People working from home in Azerbaijan pay just $112 a month for a fixed-line broadband package, 1GB of mobile data and basic utilities such as electricity for lighting, a kettle, heating and charging a laptop, making it the cheapest country on the list, according to the Worldwide Work From Home Index.


Workers in Azerbaijan pay $0.05 per kWh of electricity, which means it costs only $0.46 to charge a laptop every day for a month, the research shows.

Ukraine, where broadband costs just $6.64 a month, is the second-cheapest country to work from home at $131, the research found. Singapore ($153), Russia ($165) and Turkey ($187) round out the top five positions on the list of least expensive countries to work remotely.

The average monthly cost of a fixed-line broadband package and 1GB of data were estimated using price comparison site cable.co.uk’s worldwide data. The average energy cost was calculated by multiplying the estimated kWh of each activity by the average cost per kWh of electricity in each country, which was sourced from the World Bank.

At the other end of the spectrum, Barbados is the most expensive country to work from home, with residents spending an estimated $586 a month on broadband, mobile data and basic utilities. Spain ($547) and Germany ($530) are the second and third-most expensive countries to work from home, respectively, followed by Denmark ($519) and Portugal ($486).

The UK also ranked in the top 10, with workers spending $381 per month to work from home, the report said.

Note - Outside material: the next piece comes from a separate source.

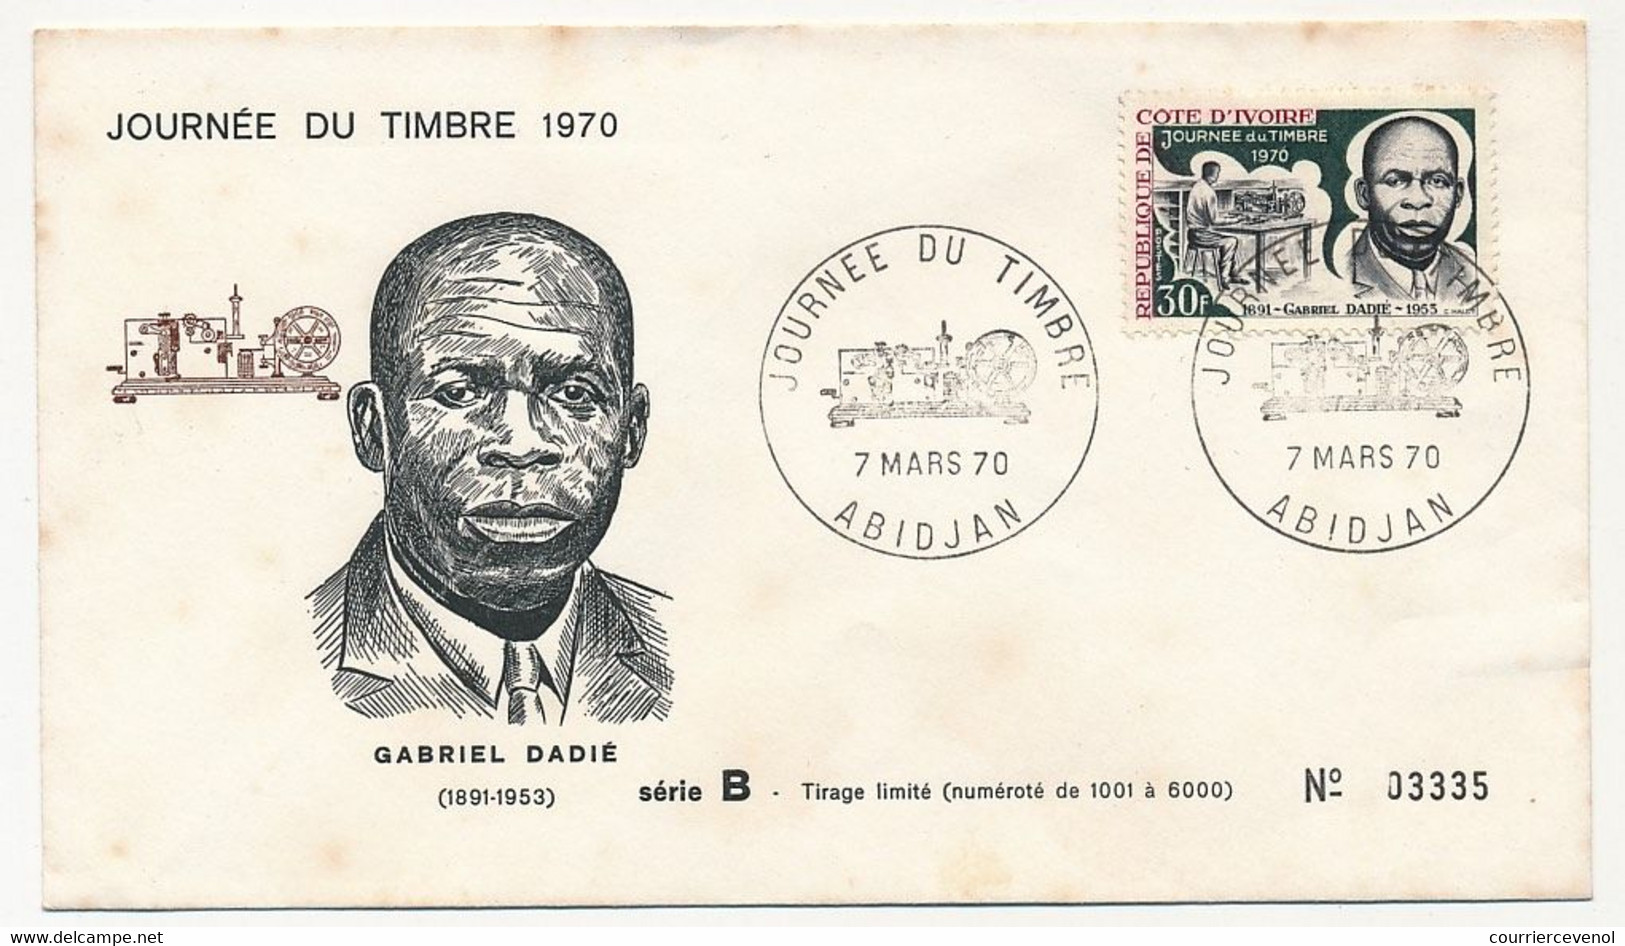 CÔTE D'IVOIRE - Env FDC - 30F Journée Du Timbre 1970 - Gabriel Dadié - 7 Mars 1970 - Abidjan - Ivory Coast (1960-...)

The Covid-19 pandemic disrupted many traditional norms around employment and triggered the work-from-home trend.

Digital nomads embraced the idea of working from anywhere to reap, among other rewards, the benefits of geographic arbitrage. This means strategic relocation to places where people can continue to earn in a stronger currency but are now spending it in the weaker currency of their new home.

Dubai last year launched a remote working programme that allows professionals to live in the emirate while being employed overseas. The aim is to encourage employees around the world to relocate to Dubai and benefit from the same services residents of the emirate enjoy, including phone and internet, utilities, schooling and tax-free salaries.